LDA Topic Modelling: word topic assignment RRS feed

  • Question

  • I am using LDA sample in infer.net. I am trying to extend it to get word topic assignments (or distributions).

    Below is how I extended it (main change in bold). The problem is that the inference results in assigning each word (in a document) to the same topic (the topic of the document).

    So for example if doc1 was assigned (with max probability) topic10, all the words in the document the topic assignment as 10. Hardly any probability mass goes to the other topics. Am I doing something wrong?


    NumWordsInDoc = Variable.New<int>().Named("NumWordsInDoc");
    Range W = new Range(SizeVocab).Named("W");
    Range T = new Range(NumTopics).Named("T");
    Range WInD = new Range(NumWordsInDoc).Named("WInD");

    Theta = Variable.New<Vector>().Named("Theta");
    ThetaPrior = Variable.New<Dirichlet>().Named("ThetaPrior");
    Theta = Variable<Vector>.Random(ThetaPrior);
    PhiPrior = Variable.Array<Dirichlet>(T).Named("PhiPrior");
    Phi = Variable.Array<Vector>(T).Named("Phi");
    Phi[T] = Variable.Random<Vector, Dirichlet>(PhiPrior[T]);

    Words = Variable.Array<int>(WInD).Named("Words");
    WordCounts = Variable.Array<double>(WInD).Named("WordCounts");

    //Topic assignment for words in a document
    Zdn = Variable.Array<int>(WInD).Named("WordTopics");
    using (Variable.ForEach(WInD))
    Zdn[WInD] = Variable.Discrete(Theta).Attrib(new ValueRange(T));
    using (Variable.Repeat(WordCounts[WInD]))
        //WordTopic[WInD].SetTo(Variable.Discrete(Theta).Attrib(new ValueRange(T)));
        using (Variable.Switch(Zdn[WInD]))
     Words[WInD] = Variable.Discrete(Phi[Zdn[WInD]]);

    Engine = new InferenceEngine(new VariationalMessagePassing());

    Tuesday, June 25, 2013 9:01 PM

All replies

  • You will not be able to do this within the training model because of the Repeat factor.

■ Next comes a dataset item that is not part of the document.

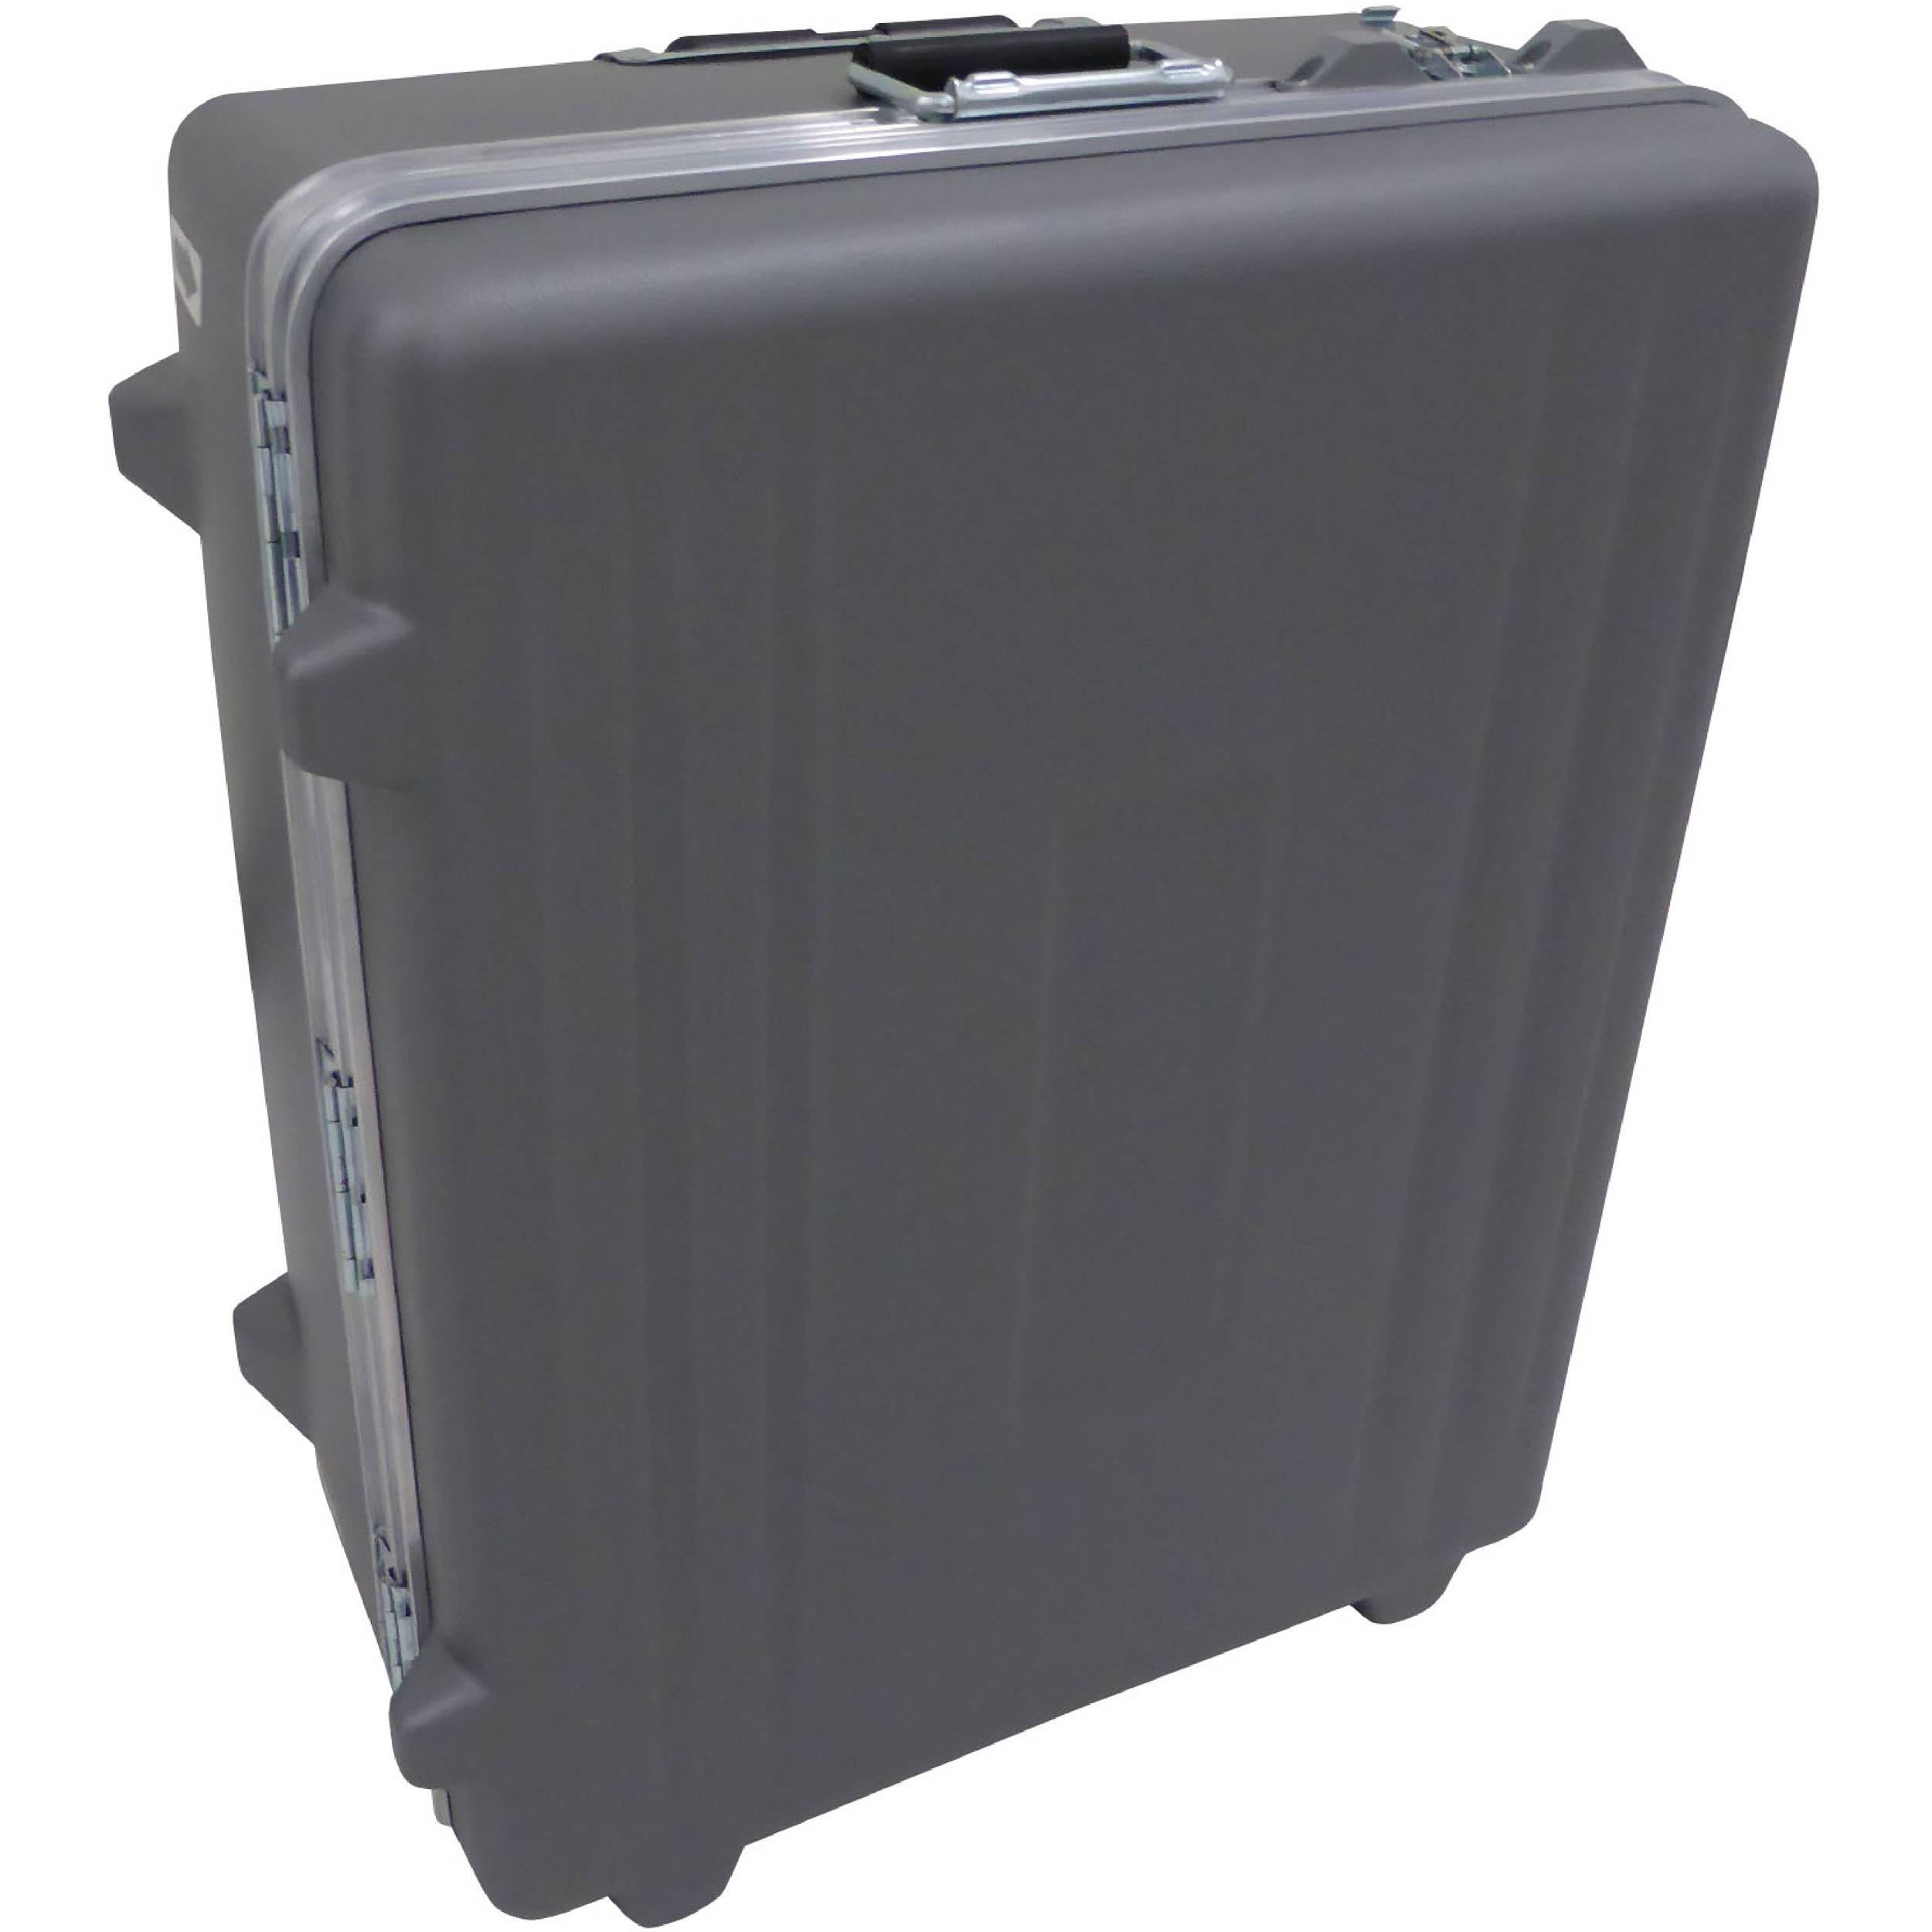 Panasonic AK-UCU500 Camera Driver UPDATE
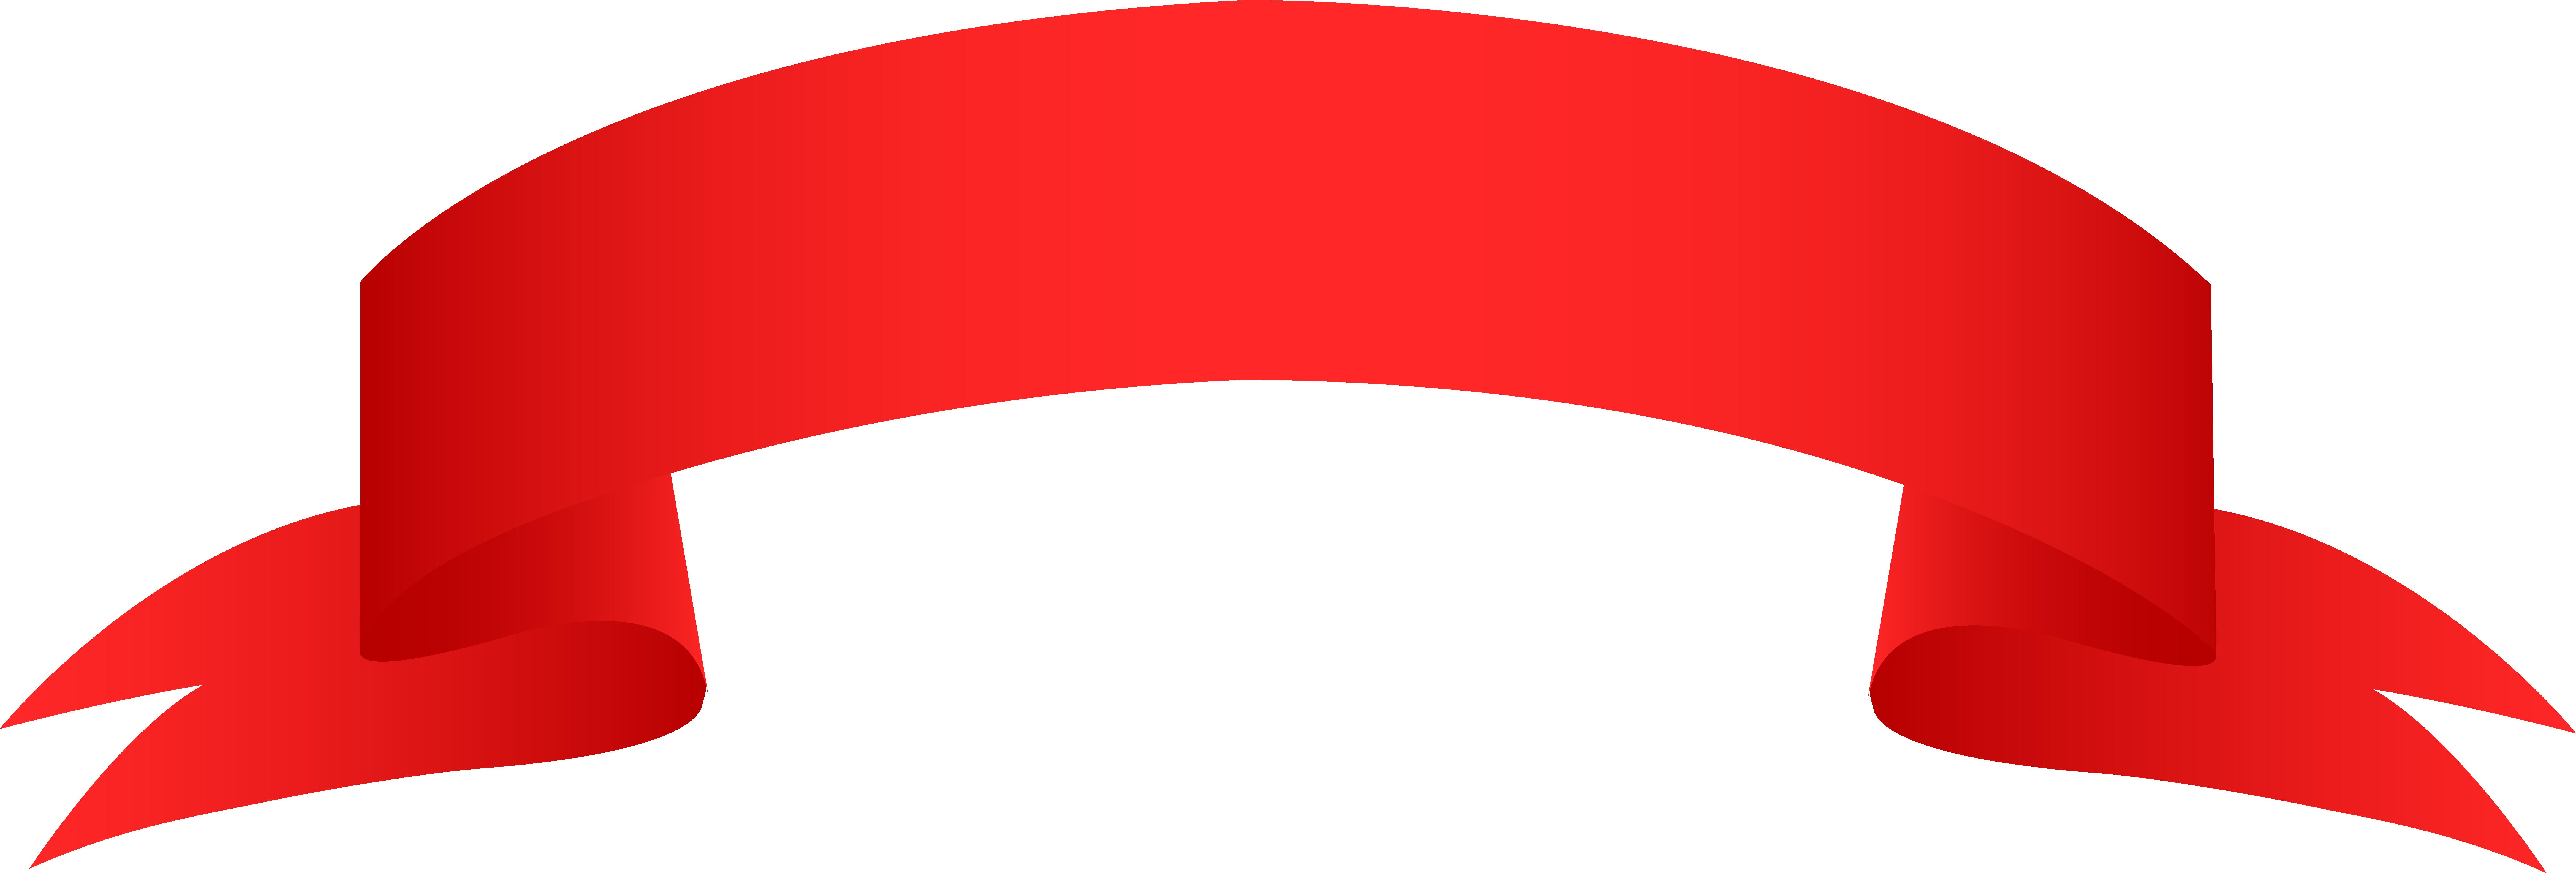 Red Ribbon PNG Image

    I would use/adapt the prediction model (LDAPredictionModel.cs). For a single word you can use the model as is, but you need to observe the word (along with the thetas and phis) and infer the topic. For multiple words, you can adapt the model so that word and topic are index by the range of words in the document.


    Thursday, June 27, 2013 9:20 AM